* _WHAT YOU ARE ASKED TO DO_
Copy each line, word for word, from the one with "83pixeles | Aloaristi, S.A." through the final line of the listing, but skip the pictures.

* _DATASET EXCERPT_
───

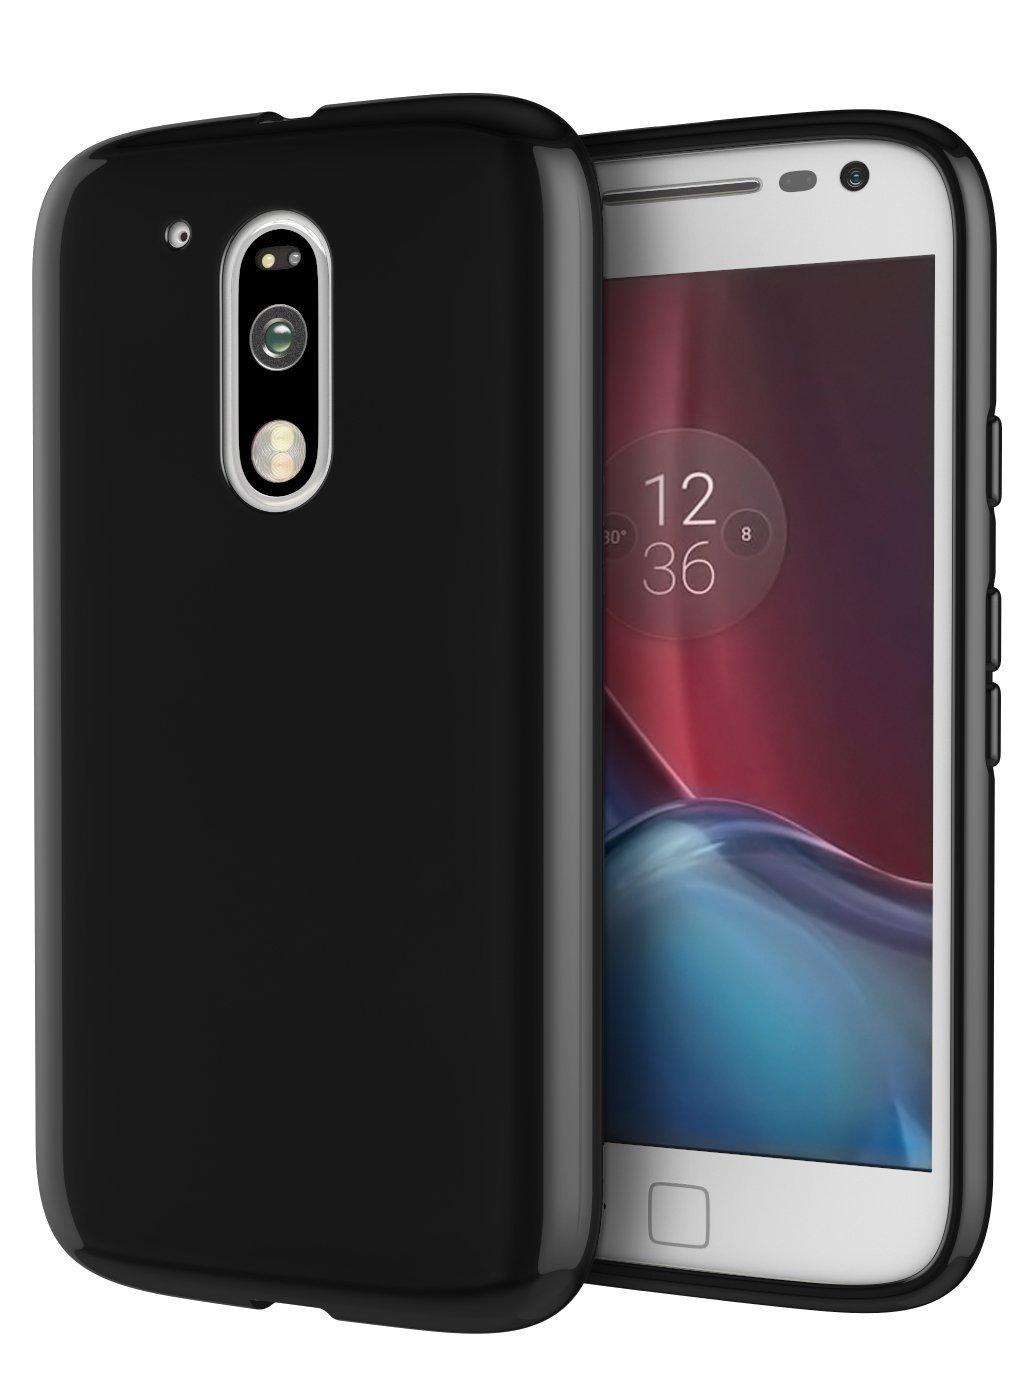 Moto G4 / G4 Plus Case Cimo [Grip] Premium Slim Protective Cover
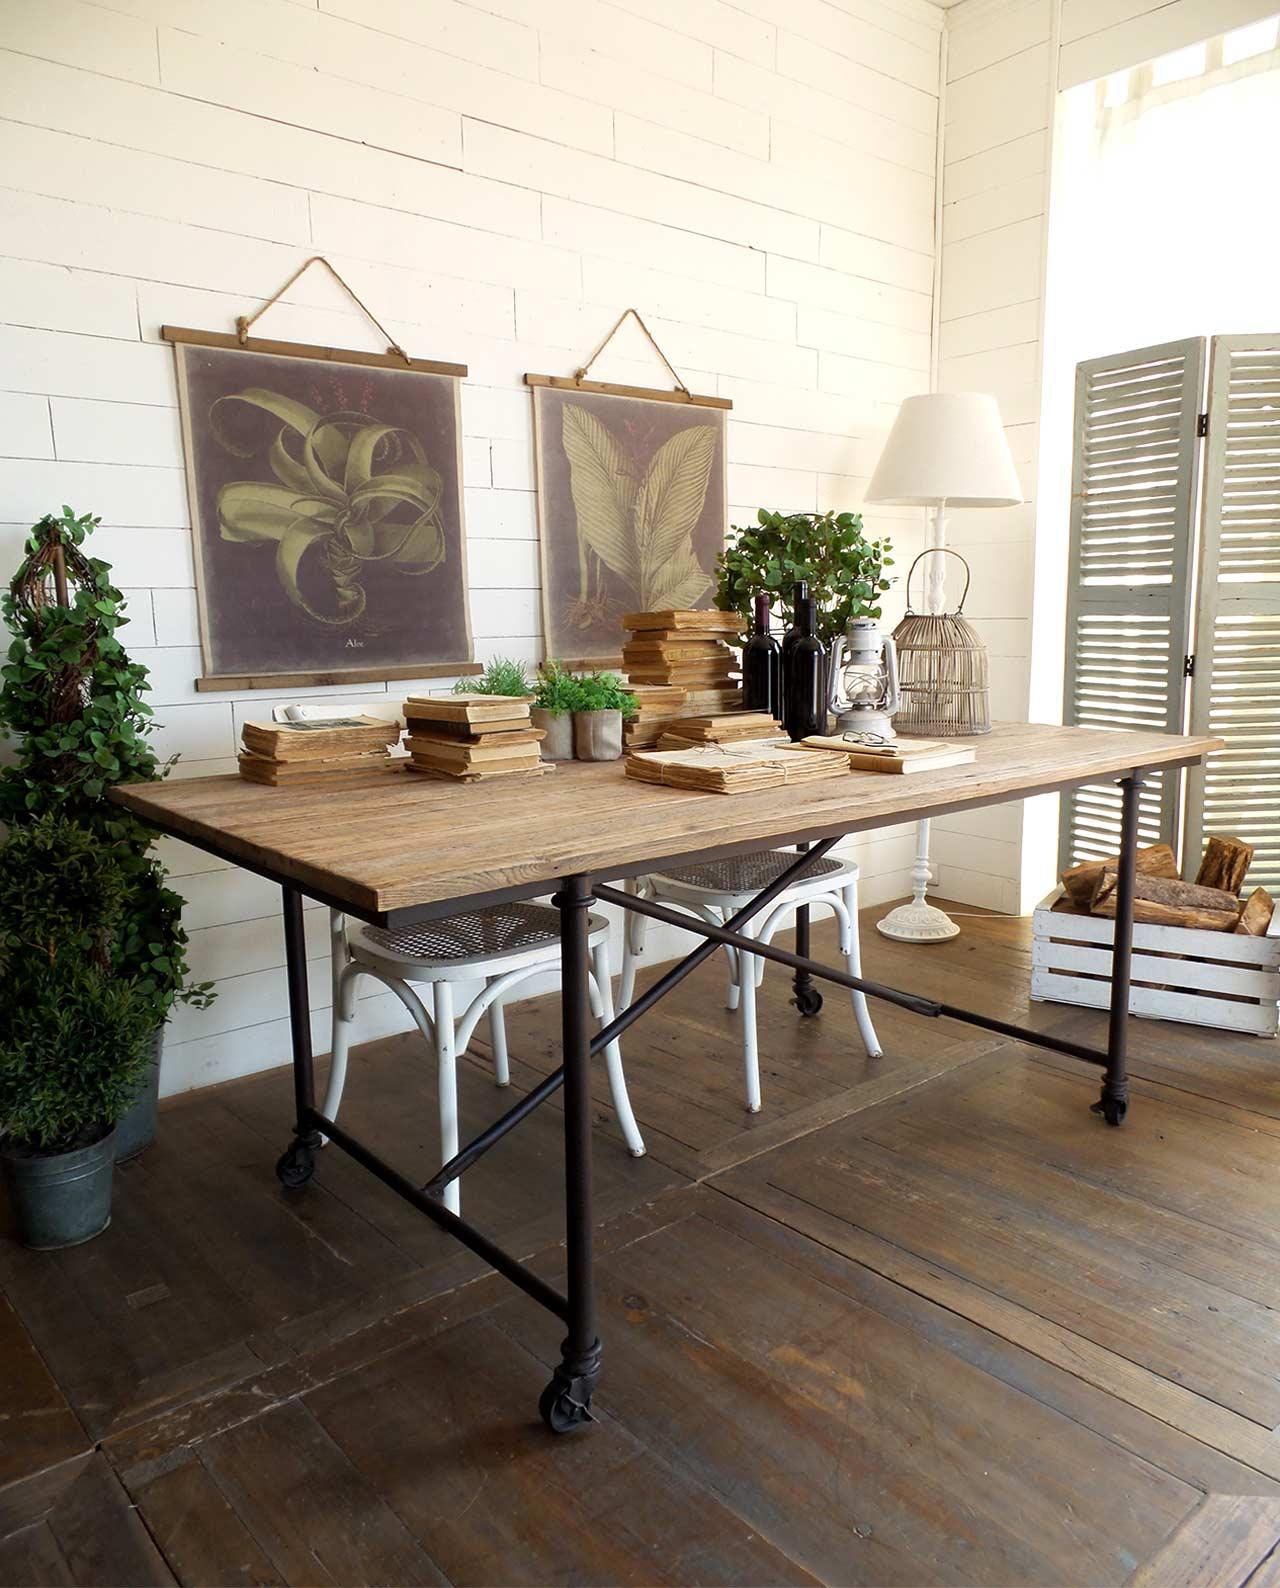 Tavolo industrial ferro battuto e legno con ruote - Tavolo con ruote ...
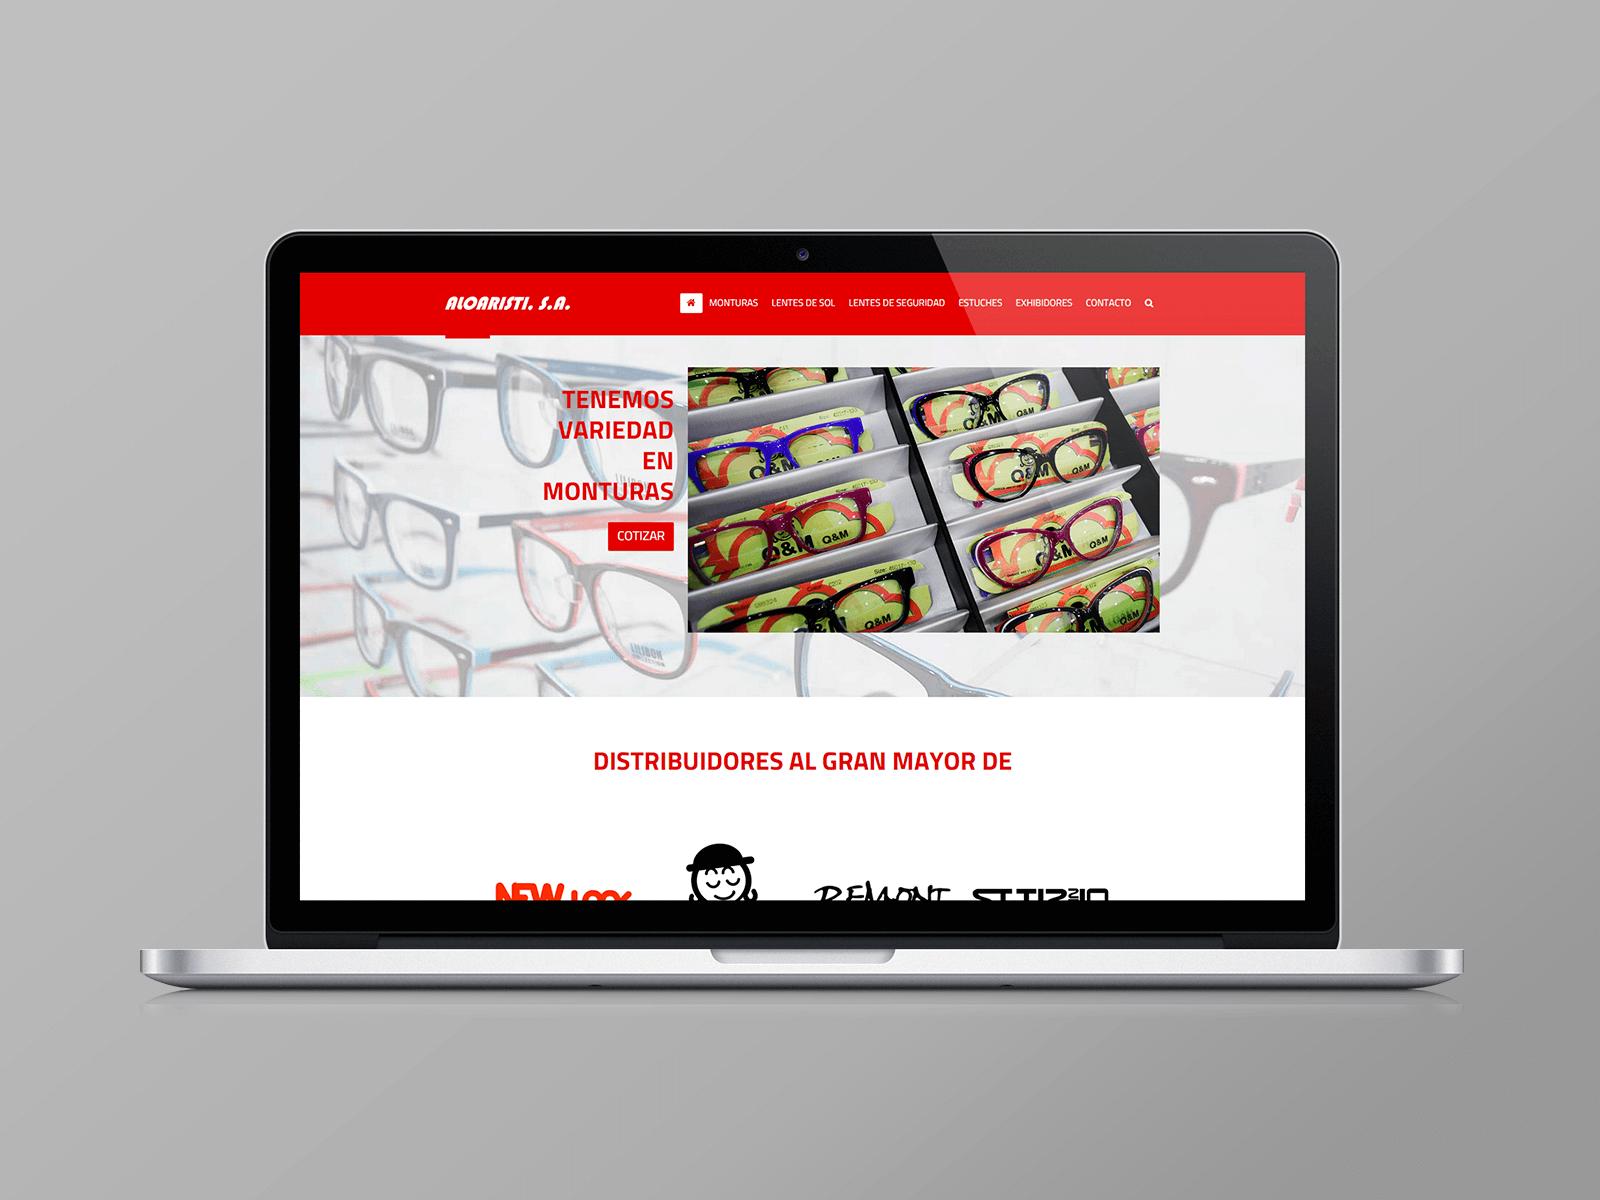 83pixeles | Aloaristi, S.A. | Diseño Web Responsive en Panamá
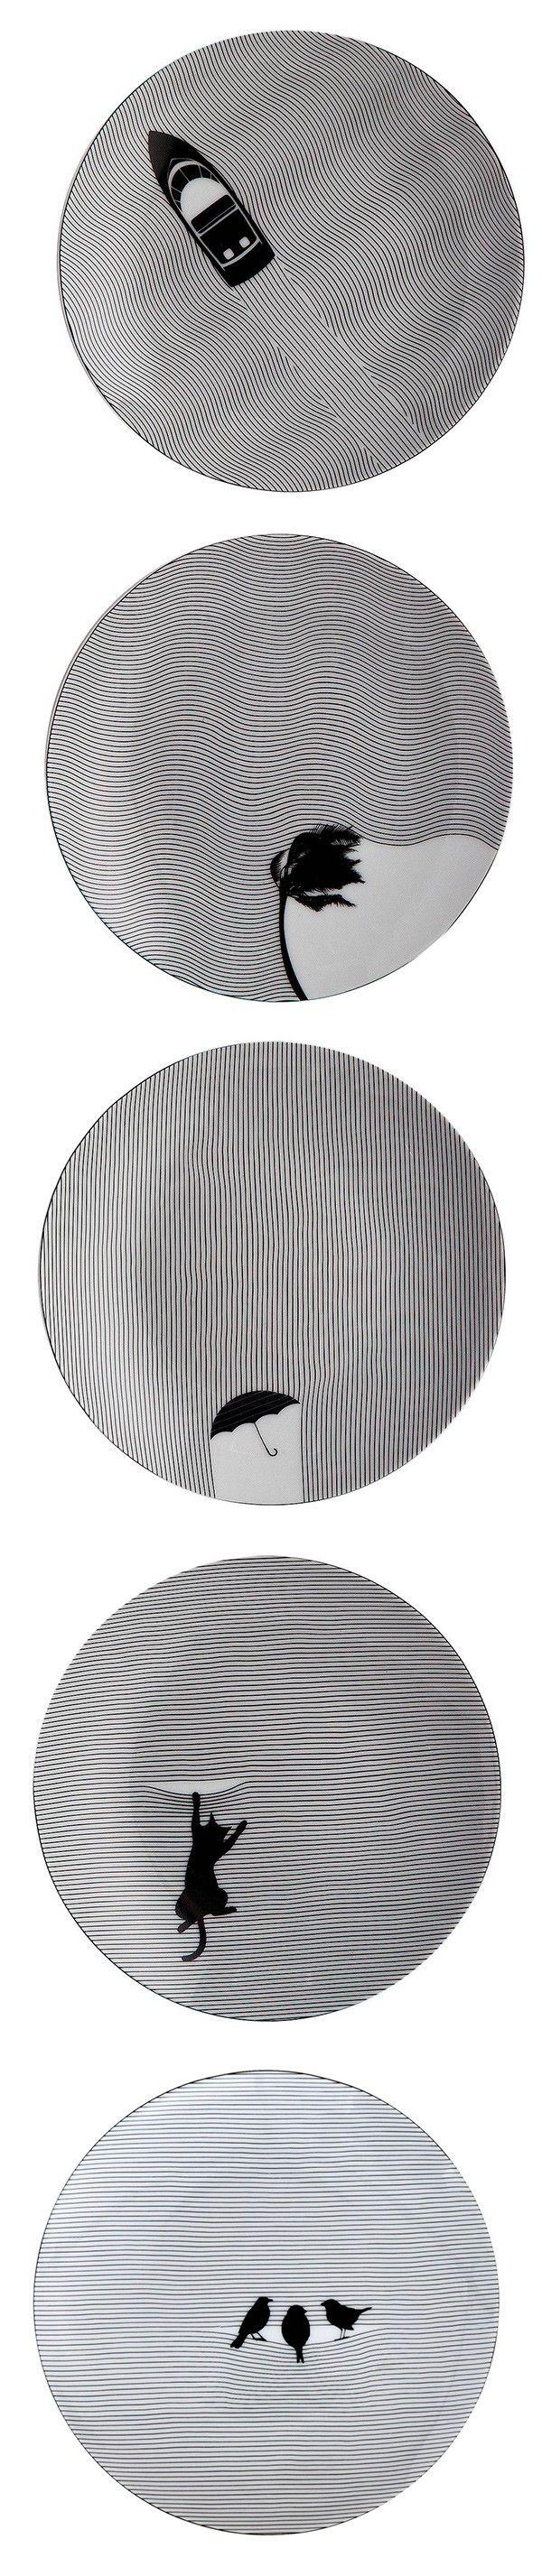 Fine Lines Porcelain Dinnerware Collection Par Cheeky Home Journal Du Design Vaisselle Dessin Graphisme

───

* _EXERCISE OUTPUT_
 83pixeles | Aloaristi, S.A. | Diseño Web Responsive en Panamá
 Fine Lines Porcelain Dinnerware Collection Par Cheeky Home Journal Du Design Vaisselle Dessin Graphisme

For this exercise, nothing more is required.